Other forms of destination and waypoint searches match this superlative ease-of-use. Creating multi-point trips is a doddle, for instance, not something that every sat-nav can lay claim to. And the on-screen keyboard is pretty usable too, occupying 90 per cent of the screen and including numbers and letters all on-screen at once so you don’t need to keep switching between alpha and numeric keyboards as you do with other small sat-nav devices.
But none of this is any use, of course, if the driving instructions are no good, and I’m happy to report that, in most instances, the Mini works very well in this respect too. The speaker – so often an area of weakness – is loud, clear and free of distortion. The voice instructions are delivered in a timely manner and the device links turns that follow each other together.

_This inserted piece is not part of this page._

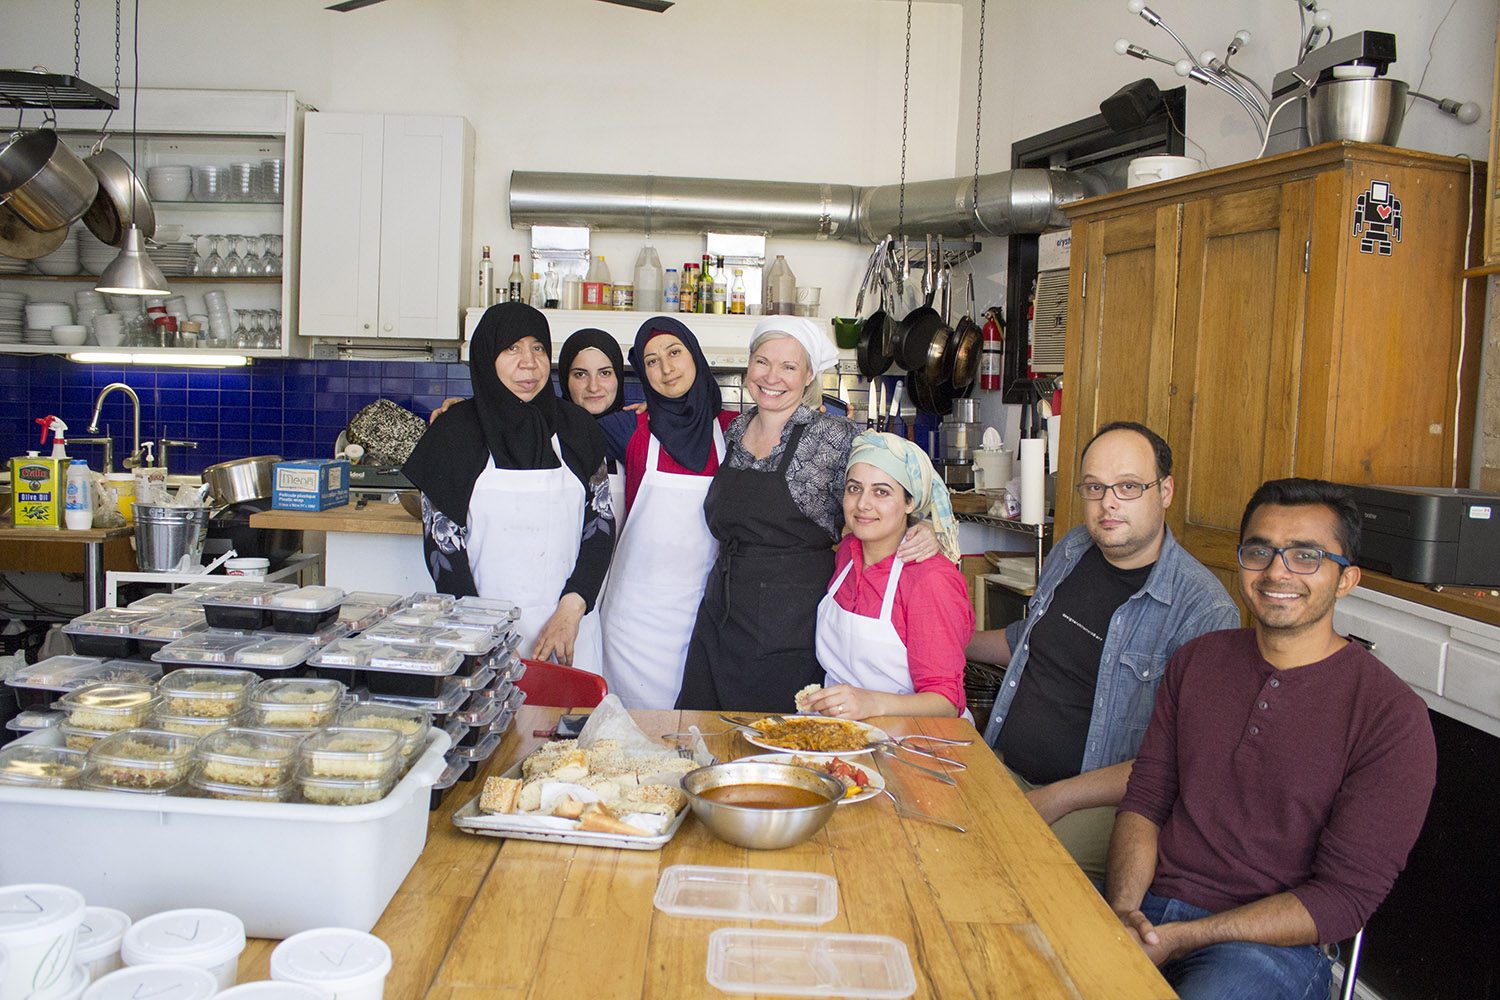 Syrian migrants running The Newcomer Kitchen - making authentic levantine dishes to make a living

Route choices are largely sensible too, and I failed to find serious fault in over 300 miles of driving. Route calculation and recalculation when you go off route is handled swiftly and without fuss, and the Mini even includes a Lorry profile along with the usual car and pedestrian options. This optimises routes for wide vehicles and should keep truckers from getting stuck down narrow country lanes.
The Mini’s one weakness is the clarity of its maps. Most of the time these are fine, with clearly marked turnings and routes. The slimline, TomTom-style info panel, which can be displayed either as a sidebar or run along the bottom of the display, doesn’t occupy too much of the screen either. But the maps aren’t the cleanest or clearest and, just occasionally, things get confusing particularly when you come across complex turnings that have roads running either above or below them. Charlie Brown’s roundabout in east London, for example, has a complex network of fly-overs passing overhead and this confuses the display somewhat, with those overhead roads indistinct from the complex road layout underneath. CoPilot on my TyTN II, for instance, never gets this confused and has a much clearer display, and it’s the same with Mio’s excellent budget sat-nav – the C220.
The Mini also isn’t the most fully featured sat-nav ever: there is a photo-viewer, but you don’t get Bluetooth connectivity, or live traffic updates via TMC, and for this money, of course, you only get maps of UK and Ireland. However, you are provided with up-to-date speed cameras on purchase, which you must install via the excellent sync software in the box. This software, à la TomTom, also provides a central area that you use to upgrade other aspects of the product, from maps to a series of free extra voices and Rough Guide travel guides. TMC and Bluetooth phone functions can be added at a later date via various add-on accessories as and when funds allow.
So, if your funds don’t quite stretch to a TomTom Go 520 and you’ve got £100 to spend, you shouldn’t let the occasionally unclear map view and lack of fancy extras put you off considering this product. Not only can you add to it, should you want to via the excellent sync software, but the Mini is also a highly polished product in all the other core areas.
The biggest bonus is that it’s cheaper than the excellent Mio C220 at a very-reasonable £99.99. The fact that it manages to combine this with TomTom-rivalling ease-of-use, the most intuitive sat-nav search around, and high quality navigation means it takes over from the Mio as the best budget sat-nav around.